In the period of Gregory's rule the church had solidifed a powerful position in secular and spiritual positions of Europe. So had Gregory who maintained papal supremacy following on from his predsuccessor Pope Honorius III. Gregorys temporal and political context gave him an opportunity to update the church. Nevertheless, the utility of a new collection was so evident that there may be no other motives than those the pope gives in the Bull "Rex pacificus" of 5 September 1234, viz., the inconvenience of recurring to several collections containing decisions most diverse and sometimes contradictory, exhibiting in some cases gaps and in others tedious length; moreover, on several matters the legislation was uncertain.
The Quinque compilationes antiquæ was a series of five of these collections of pontifical legislation from the Decretum of Gratian (c. 1150) to the pontificate of Honorius III (1150-1227). Raymond executed the work in about four years, and followed in it the method of the Quinque compilationes antiquæ. He borrowed from them the order of the subject-matter, the division into five books, of the books into titles and of the titles into chapters. Of the 1971 chapters the Decretals of Gregory IX contain, 1771 are from the Quinque compilationes antiquæ, 191 are from Gregory IX himself, seven from decretals of Innocent III not inserted in the former collections, and two are of unknown origin. They are arranged, generally, according to the order of the ancient collections, i.e., each title opens with the chapters of the first collection, followed by those of the second, and so on in regular order. Next come those of Innocent III, and finally those of Gregory IX. Almost all the rubrics, or headings of the titles, have also been borrowed from these collections, but several have been modified as regards detail. This method considerably lightened St. Raymond's task.
Pope Gregory IX's work encompassed compiling documents from former collections, modifying some decisions, whilst discarding others. Additionally Gregory omitted parts when he considered it prudent to do so, filled in the gaps, and cleared up doubtful points of the ancient ecclesiastical law by adding some new decretals to ensure his work was clear and concordant. He indicated by the words et infra the passages excised by him in the former collections. They are called partes decisae. The new compilation bore no special title, but was called "Decretales Gregorii IX" or sometimes "Compilatio sexta", i. e. the sixth collection with reference to the "Quinque compilationes antiquæ". It was also called "Collectio seu liber extra", i. e. the collection of the laws not contained (vagantes extra) in the "Decretum" of Gratian. Hence the custom of denoting this collection by the letter X (i.e. extra, here not the Roman numeral for ten).

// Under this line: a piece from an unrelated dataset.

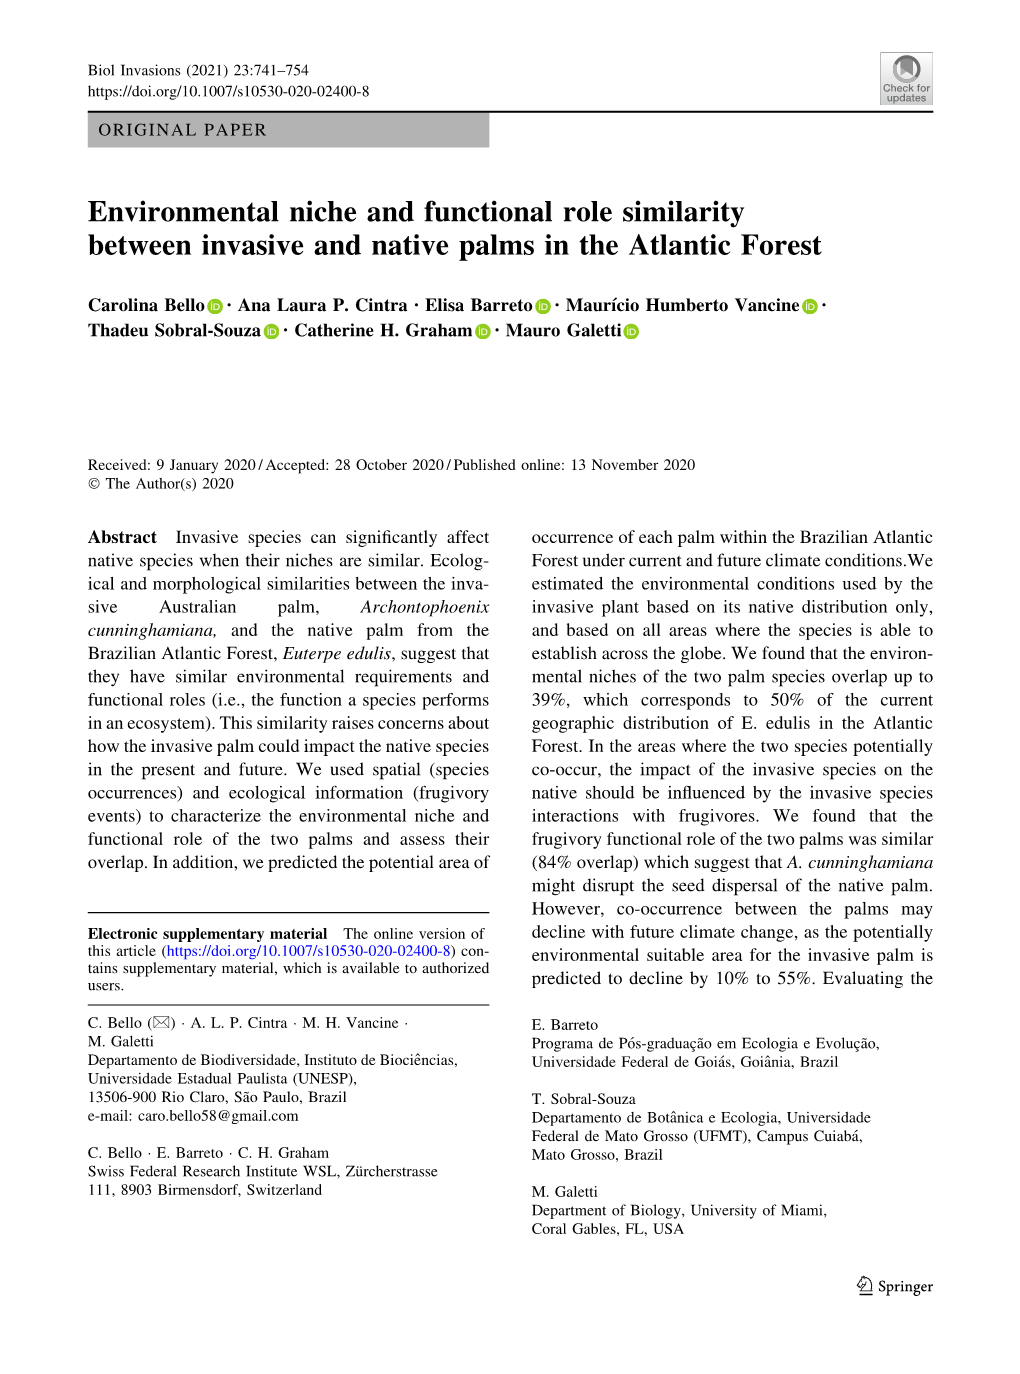 Environmental Niche and Functional Role Similarity Between Invasive and Native Palms in the Atlantic Forest

Quotations from this collection are made by indicating the number of the chapter, the name the work goes by (X), the number of the book, and that of the title. Usually the heading of the title and sometimes the first words of the chapter are quoted; for instance, "c. 3, X, III, 23", or "c. Odoardus, X, De solutionibus, HI, 23", refers to the third chapter, commencing with the word Odoardus, in the Decretals of Gregory IX, book III, title 23, which is entitled "De solutionibus". If the number of the chapter or of the title is not indicated it will easily be learned on consulting the alphabetical indexes of the rubrics and of the introductory words of the chapters, which are to be found in all editions of the "Corpus Juris Canonici". Gregory IX sent this new collection to the Universities of Bologna and Paris, and declared, by the Bull "Rex pacificus" of 5 September 1234, that this compilation was the official code of the canon law.
All its decisions had the force of canon law whether they were authentic or not, whatever the juridical value of the texts considered in themselves, and whatsoever the original text. It is a unique collection; all its decisions were simultaneously promulgated, and are equally obligatory, even if they appear to contain, or if in fact they do contain, antinomies, i. e. contradictions. In this peculiar case it is not possible to overcome the difficulty by recourse to the principle that a law of later date abrogates that of an earlier period. Finally, it is an exclusive collection, i.e. it abrogates all the collections, even the official ones, of a later date than the "Decretum" of Gratian. Some authors (Schulte, Launin) maintain that Gregory IX abrogated even those laws prior to Gratian's time that the latter had not included in his "Decretum", but others contest this opinion.
The Decretals of Gregory IX differ widely from modern codes. Instead of containing in one concise statement a legislative decision, they generally start with an account of a controversy, the allegations of the parties in dispute, and a demand or the solution of the question; this species facti or the pars historica has no juridical value whatever. The enacting part of the chapter (pars dispositiva) alone has the force of law; it contains the solution of the case or the statement of the rule of conduct. The rubrics of the titles have the force of law when their sense is complete, as for instance, Ne sede vacante aliquid innovetur (Let there be no innovation while the see is vacant), because the headings form an integral part of the official code of the laws. However, they ought always to be interpreted according to the decisions contained in the chapters.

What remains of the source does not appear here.